Secondly, man-in-the-middle attacks and SMS intercepting are two threats that the standard 2FA mechanism is vulnerable to. Cyber criminals may use different forms of MITM attacks to intercept internet connections, redirect victims to a fake website or application, and steal legitimate one-time passcodes. Attackers can also use SIM cloning techniques and various malware to hijack messages with verification codes. In fact, SMS interception was what made the Reddit hack possible in 2018.
One possible solution to these challenges is to implement MFA in conjunction with more sophisticated tools and functionalities, such as a token-based SMS system (as opposed to the regular mobile phone-based systems), behavioral biometrics, and data encryption. But even though two-factor authentication has its limitations, the benefits of this cybersecurity practice should not be underestimated.
When two-factor authentication is used
Is 2FA a must for you?
For regular users, using 2FA to protect their personal data is optional. Today, you can switch on MFA for many social media platforms including Facebook, Twitter, LinkedIn, and Instagram. It’s also available for Dropbox, Google products, Microsoft systems, and many other popular solutions and cloud-based platforms.
For businesses, however, multi-factor authentication, and 2FA in particular, is a recommended practice and, in some cases, even a regulatory requirement. For example, PCI DSS requirement 8.3 (from version 3.2) prescribes the use of multi-factor authentication for all network access to the card data environment, both remotely from outside the network and within the trusted network. The use of MFA is also required by NIST.

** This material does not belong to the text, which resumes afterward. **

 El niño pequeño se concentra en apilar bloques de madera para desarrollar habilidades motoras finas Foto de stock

According to the best security practices, here are the four types of tasks that this enhanced identity validation should be used for:
- Confirmation of critical actions and transactions
- Access to critical endpoints
- Access to critical data
- Secondary authentication for shared accounts
Although these tasks are naturally interconnected, we distinguish them to better specify the business processes in which multi-factor authentication is required.
Benefit from Ekran System’s free 2FA solution
You can implement true MFA capabilities with Ekran System's free 2FA tool. Ekran System delivers built-in two-factor authentication options for protecting valuable corporate assets as part of our growing set of identity and access management solutions.

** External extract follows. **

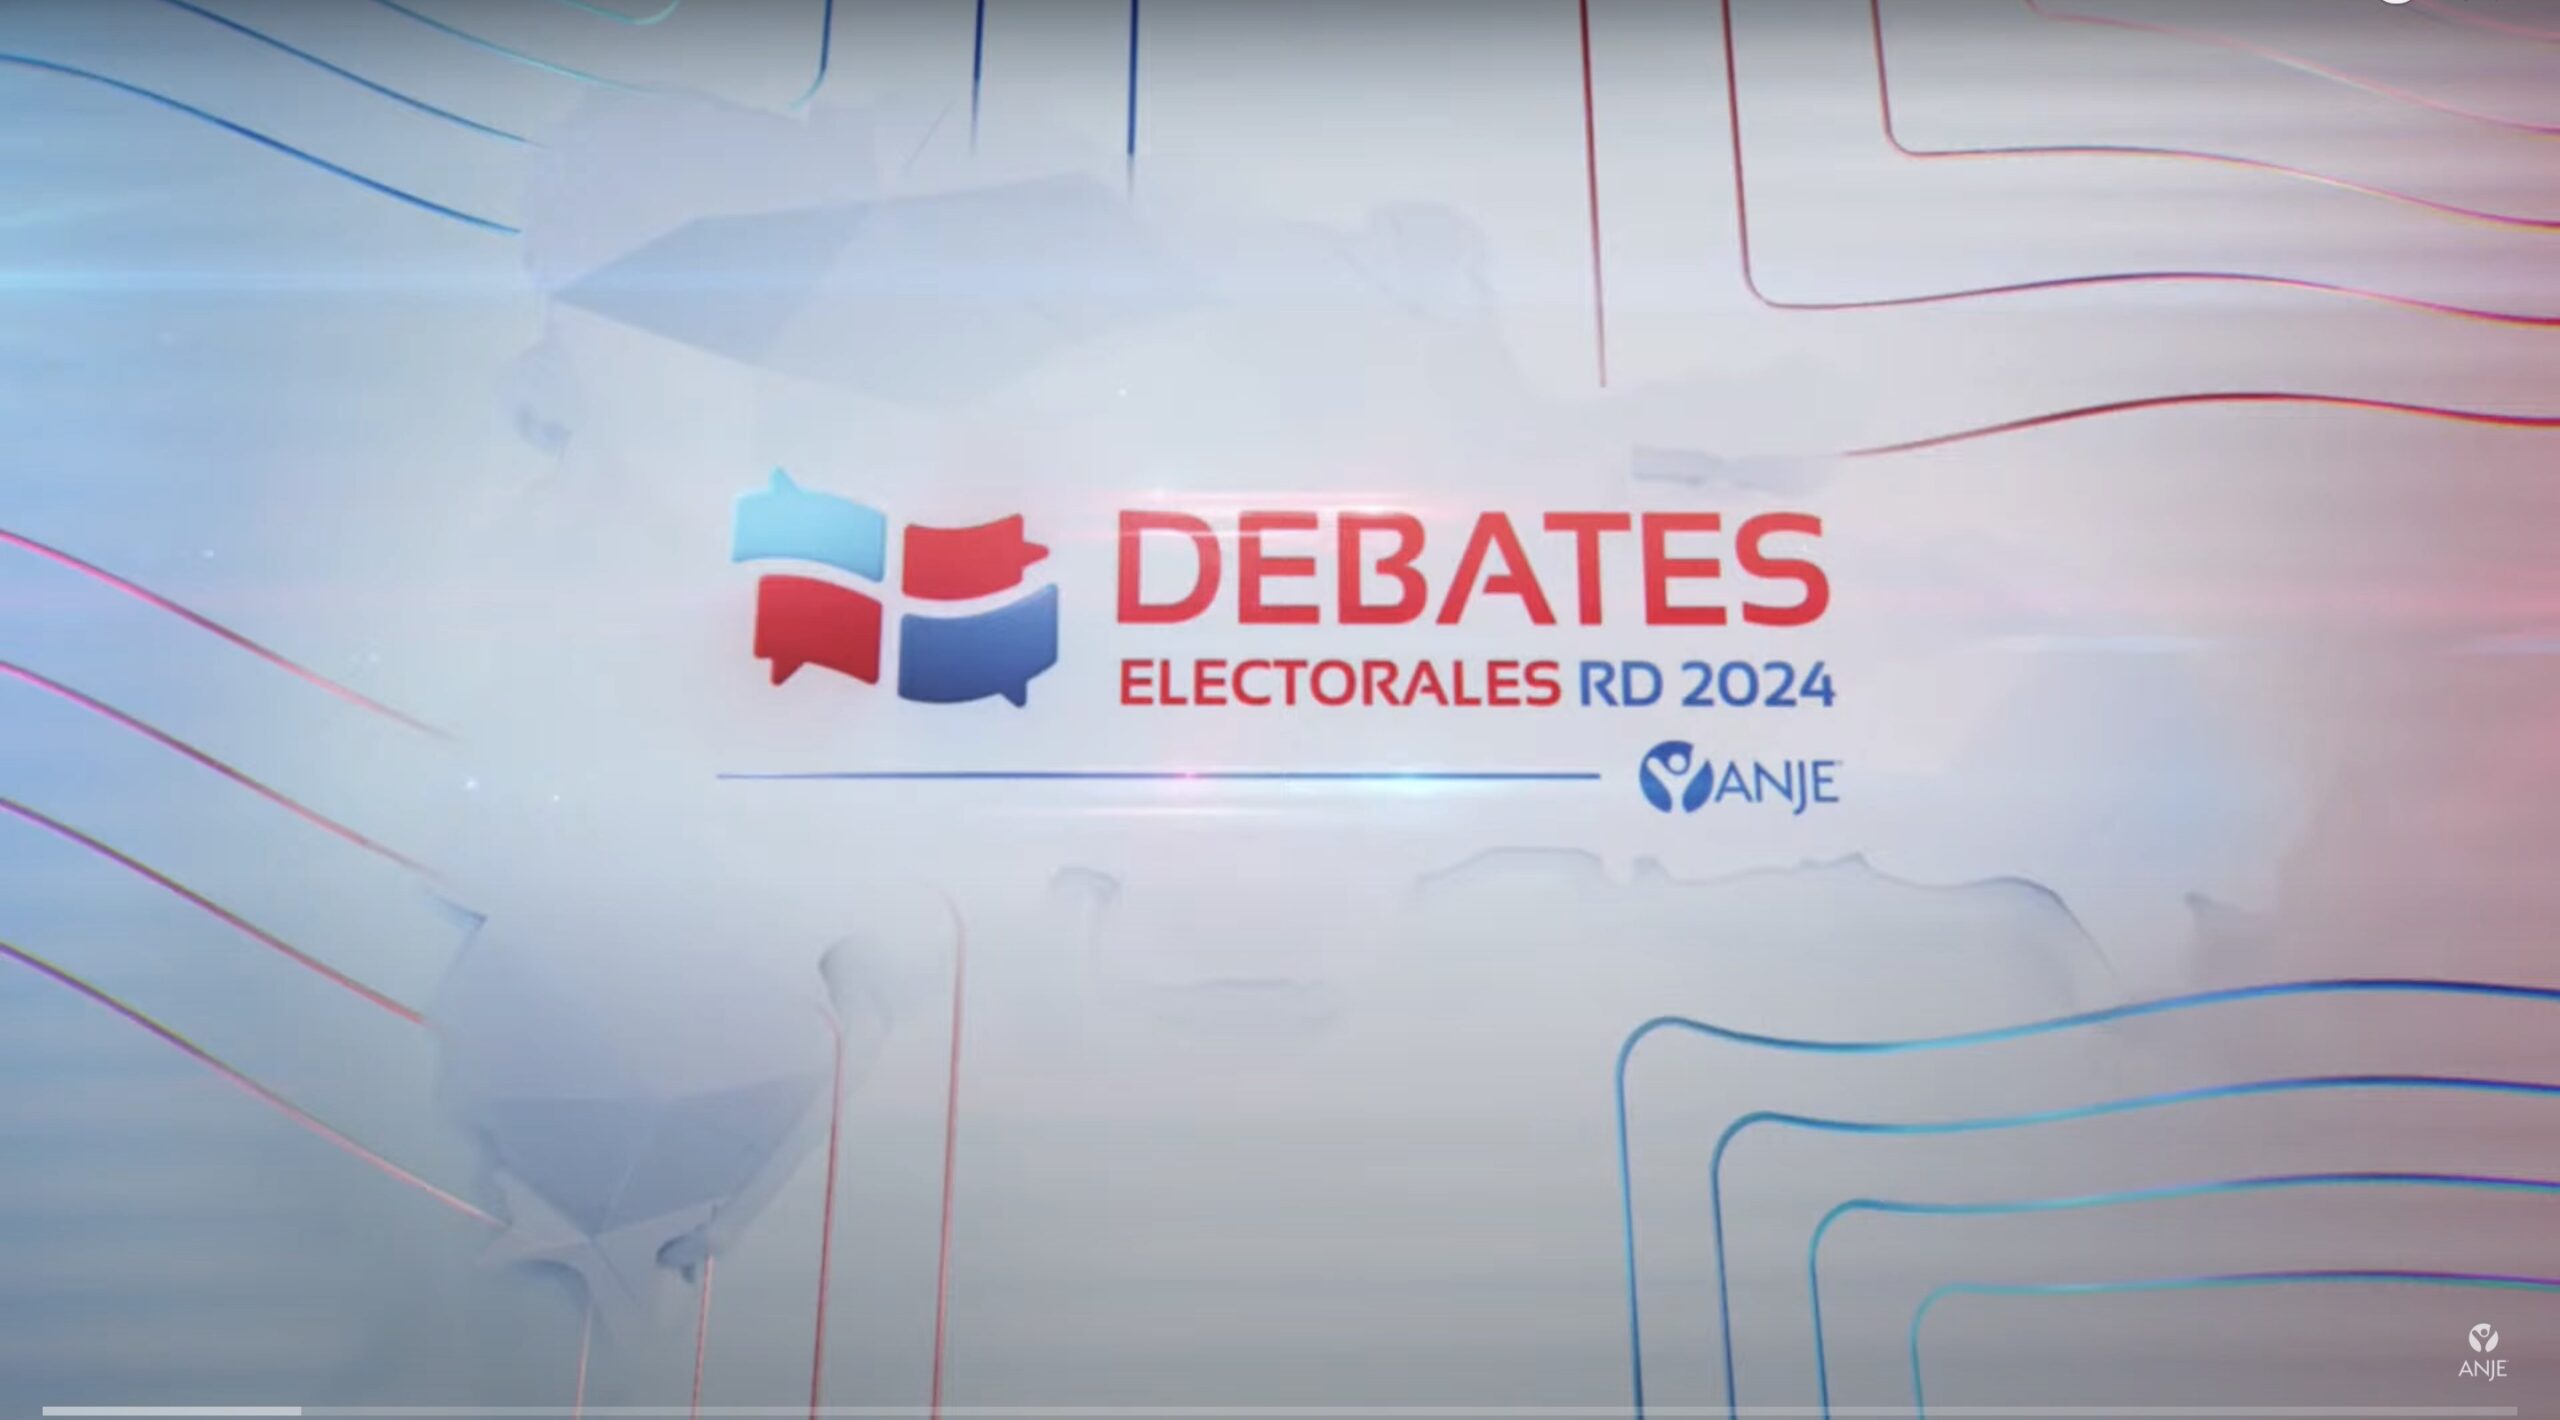 Detabe Senatorial | Santiago y Distrito Nacional

Our 2FA tool uses centrally managed TOTP-based authentication as the second authentication factor. Verification codes can be sent to Android and iOS devices via either the Google Authenticator or Microsoft Authenticator app. Plus, you can enable 2FA functionality on any Windows and Linux server with an Ekran System client installed.

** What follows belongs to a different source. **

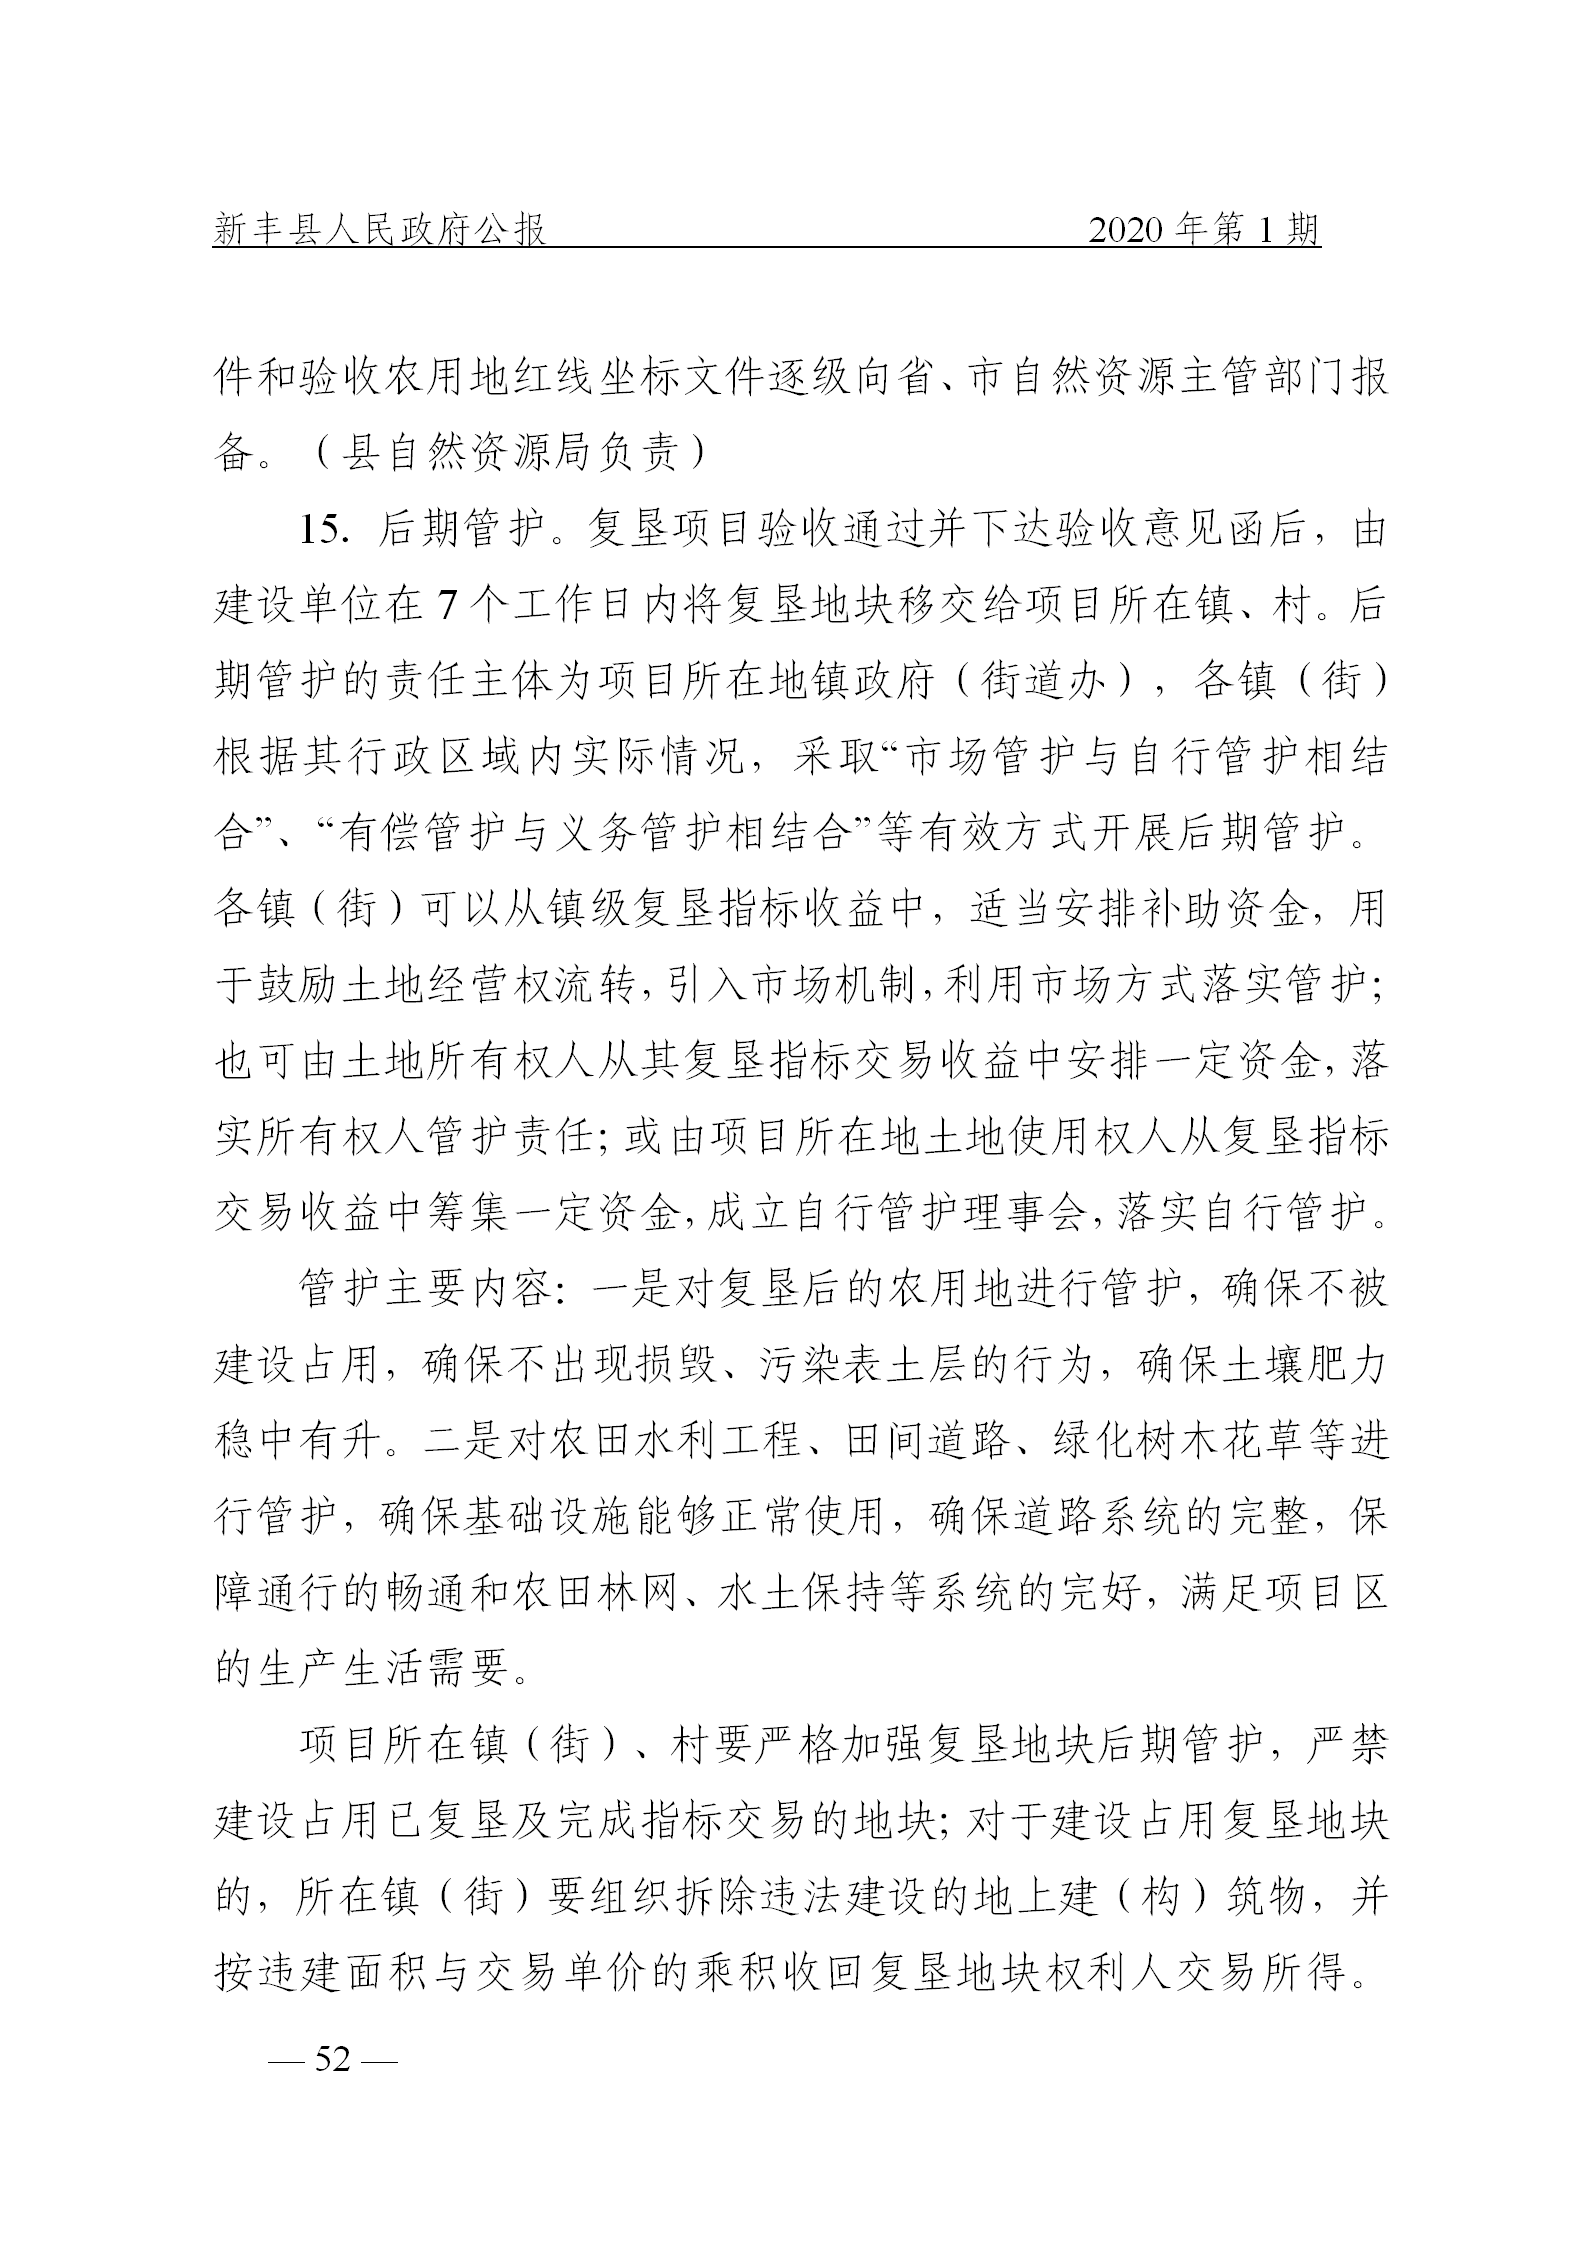 《新丰县人民政府公报》2020年第1期(1)_52.png

Also, you can also use Hideez key as an alternative to Ekran System 2FA functionality.
Two-factor authentication is essential for ensuring a proper level of access granularity and user identity verification. Contrary to common belief, multi-factor authentication and multi-step authentication are not the same. The distinctive characteristic of true MFA is the use of at least two out of three identity verification factors: knowledge, possession, inheritance.
Ekran System offers a free 2FA tool based on the factors of knowledge (user credentials) and possession (a verified user device). This combination of factors is effective, cost-saving, and comfortable, as a user’s mobile phone is all you need to verify their identity.
With the help of Ekran System’s 2FA tool, you can protect critical systems and endpoints, limit access to valuable data, and add one more layer of identity verification to the login procedures of privileged users, remote employees, and third parties.